Liverpool Sound and Vision Rating 8.5/10
There are moments in pop history which might be celebrated by what could be called the minority at the time, and to which the rest of the world could be argued as just pausing long enough to feel the emotions overwhelming the soul; they might not understand why, but if they live to see a significant anniversary come round then they will undoubtedly see the sense of seismic change that they have lived through, the definite alteration of the future that has happened in their life time in which others can be free to be themselves and love who they love.
When Bronski Beat released the album The Age Of Consent in October 1984, what might have been was thankfully slowly overturned, and it can be considered, indeed argued passionately and deeply, that Jimmy Somerville, Larry Steinbachek and Steve Bronski were amongst the pioneers to whom gay rights in Britain were taken seriously; the discussions that took place in a time when the subject was a political chasm, when the spectre of a terrible disease was creating fear in the public eye, to have the strength to create such a piece of art is something extraordinary.
LGBTQ+ rights have moved on, mostly for the better, and yet the conversation in some respects is still being had with the same old tired responses from certain quarters, and even with public perceptions having shifted and people understanding what it means to be an ally, there is still a long way to go.

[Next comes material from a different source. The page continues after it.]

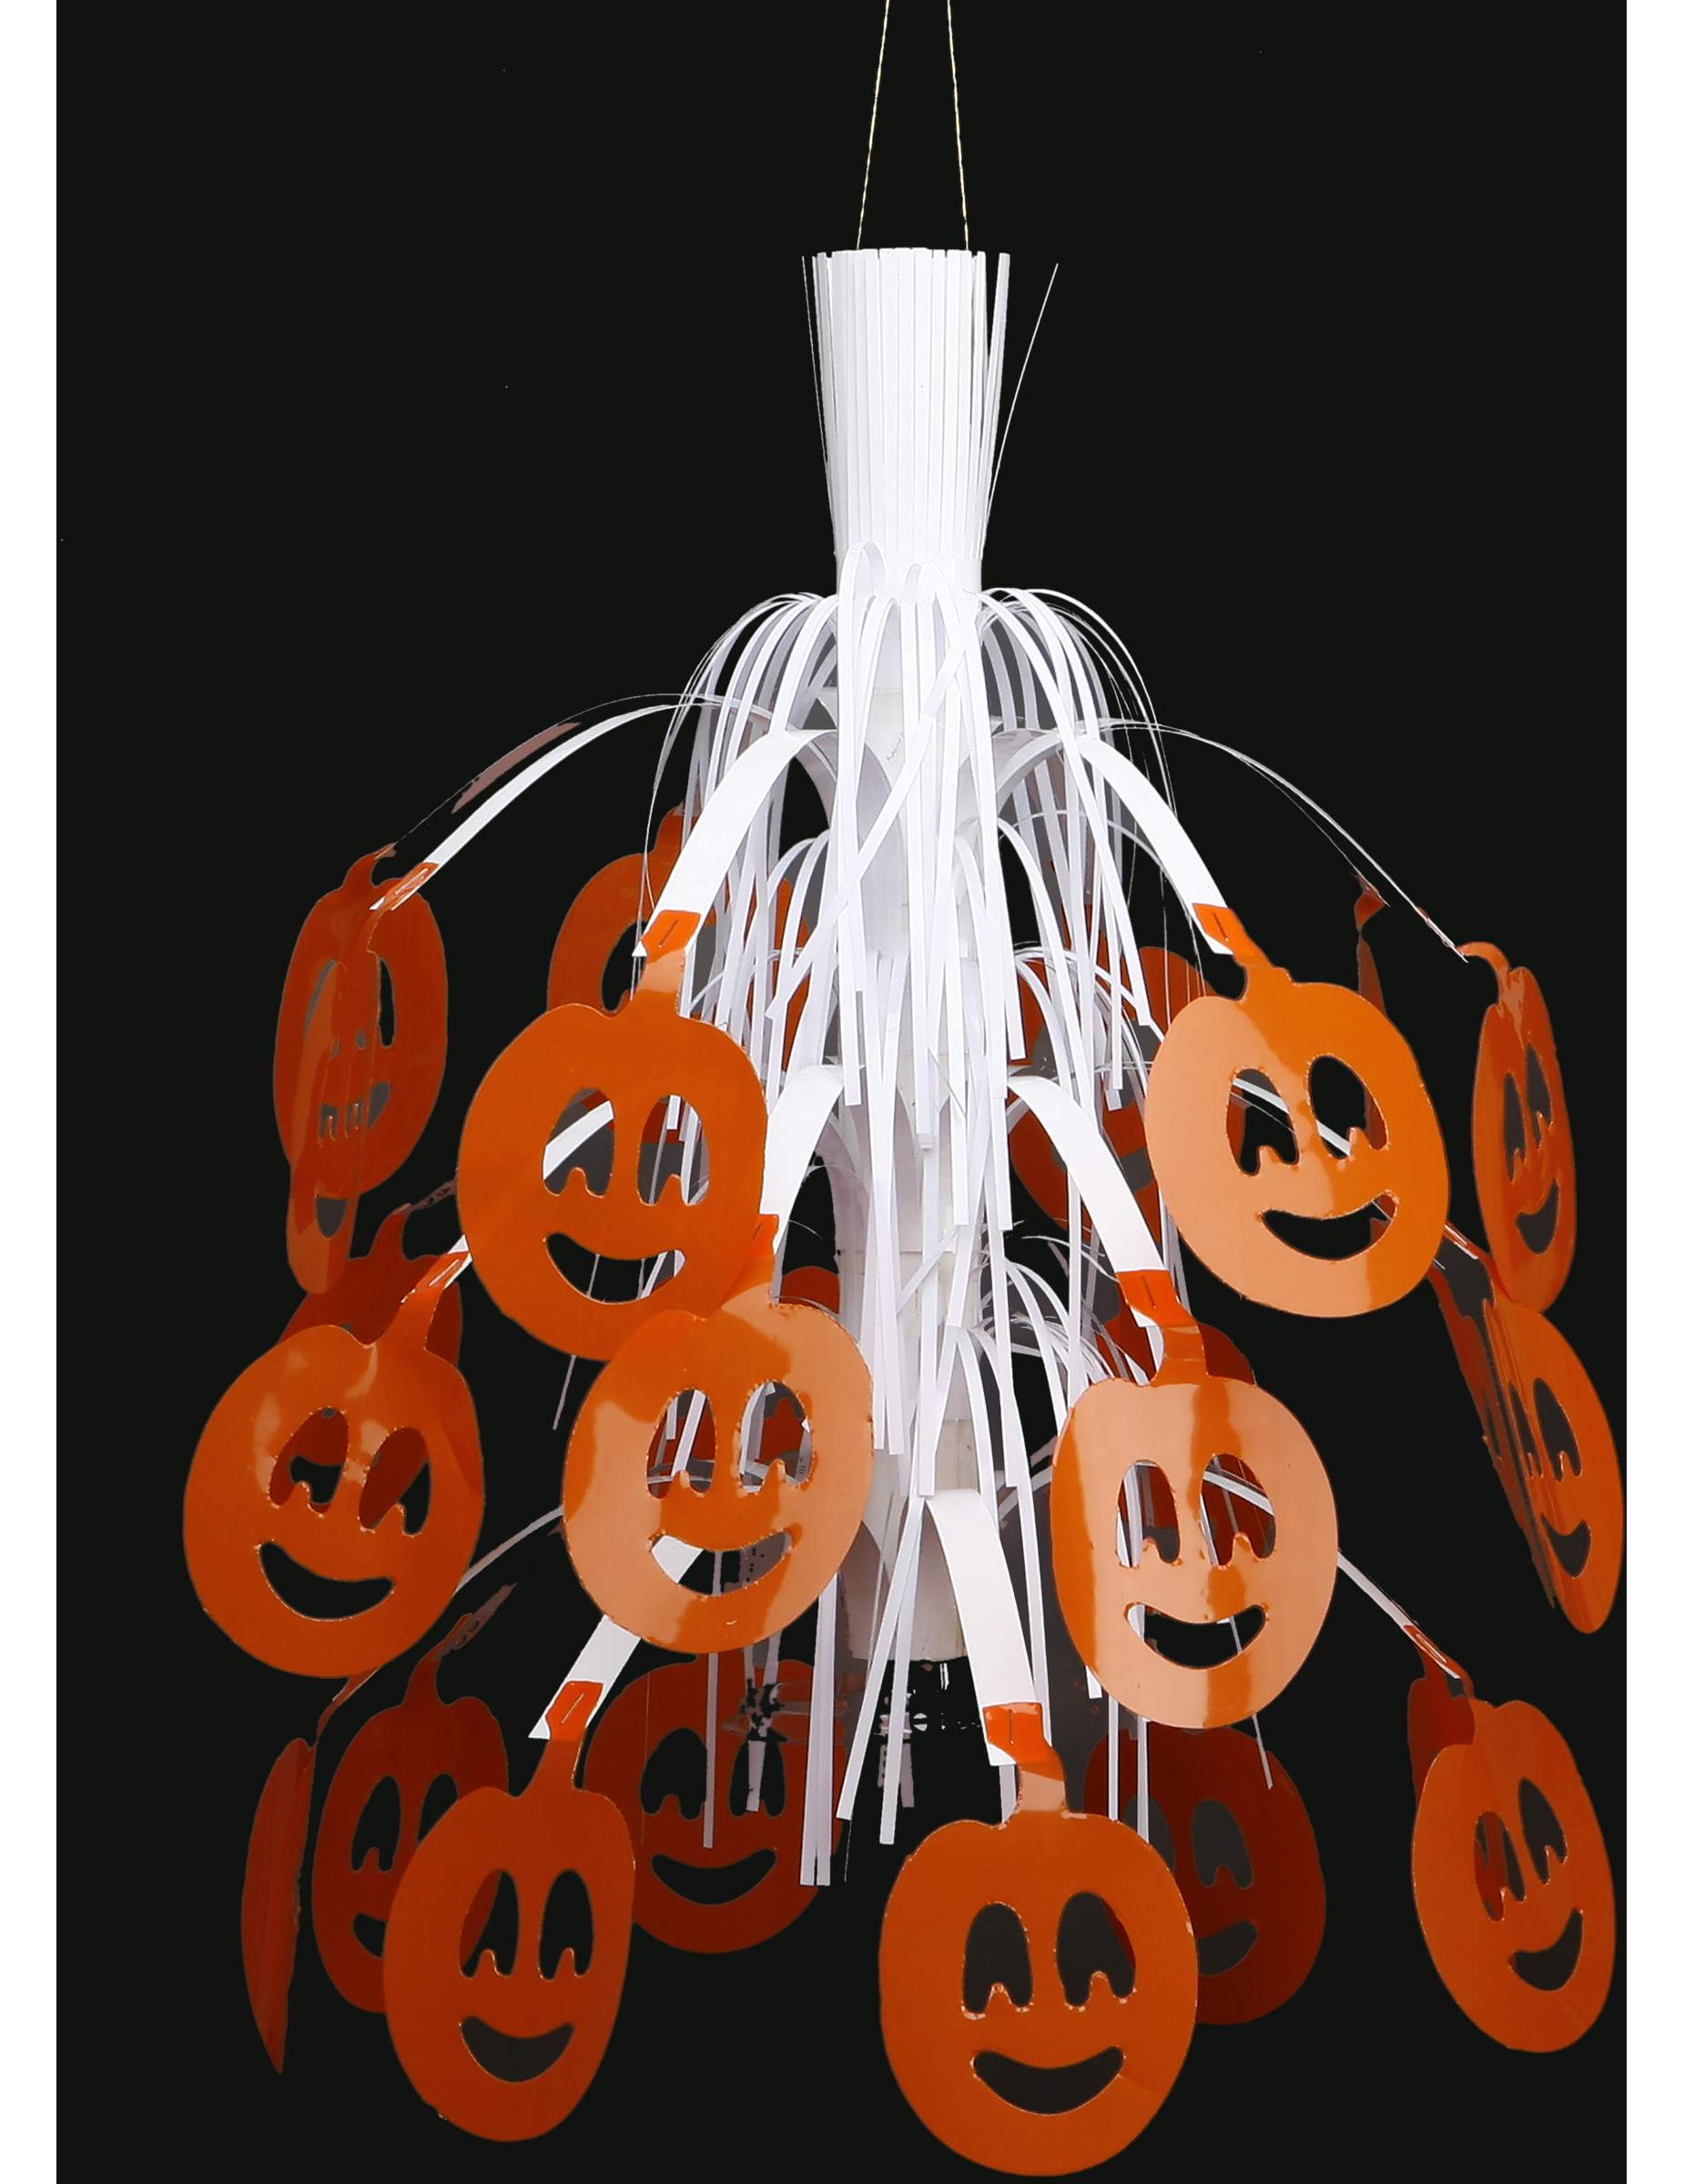 D coration citrouilles halloween deguise toi achat de decoration animation - Deguisetoi fr halloween ...

Across the two discs, the album’s consistency is to be applauded, the new mixes are sublimely added to the narrative, and as songs such as the opening of Why?, the simmering fury of It Ain’t Necessarily So and Screaming, through the brilliant observation of Smalltown Boy, the loneliness, the desire of companionship that underlines need A Man Blues, the whispers of possible contentment in I Feel Love/Johnny Remember Me, and Cadillac Car and the various remixes that extend the ideas, offer a further commentary in the modern age from Planningtorock and Harvey Goldberg, what comes apparent is the influence and the impact that the record still has, a sense of translation that would have been missed by a majority to whom felt no connection with the struggle that many would have been going through.
This timely reminder of one of the most important albums to see life through a lens of another human being, of another part of society is not just about acceptance, it’s not even a liberation of kind, but of a war that was waged, and so far, partially won, in the name of compassion, of empathy, and awareness. It is down to artists such as Bronski Beat that the subject finally broke the taboo stranglehold and to which now equality is possible.
Bronski Beat release the 40th Anniversary of The Age Of Consent on October 18th via London Records.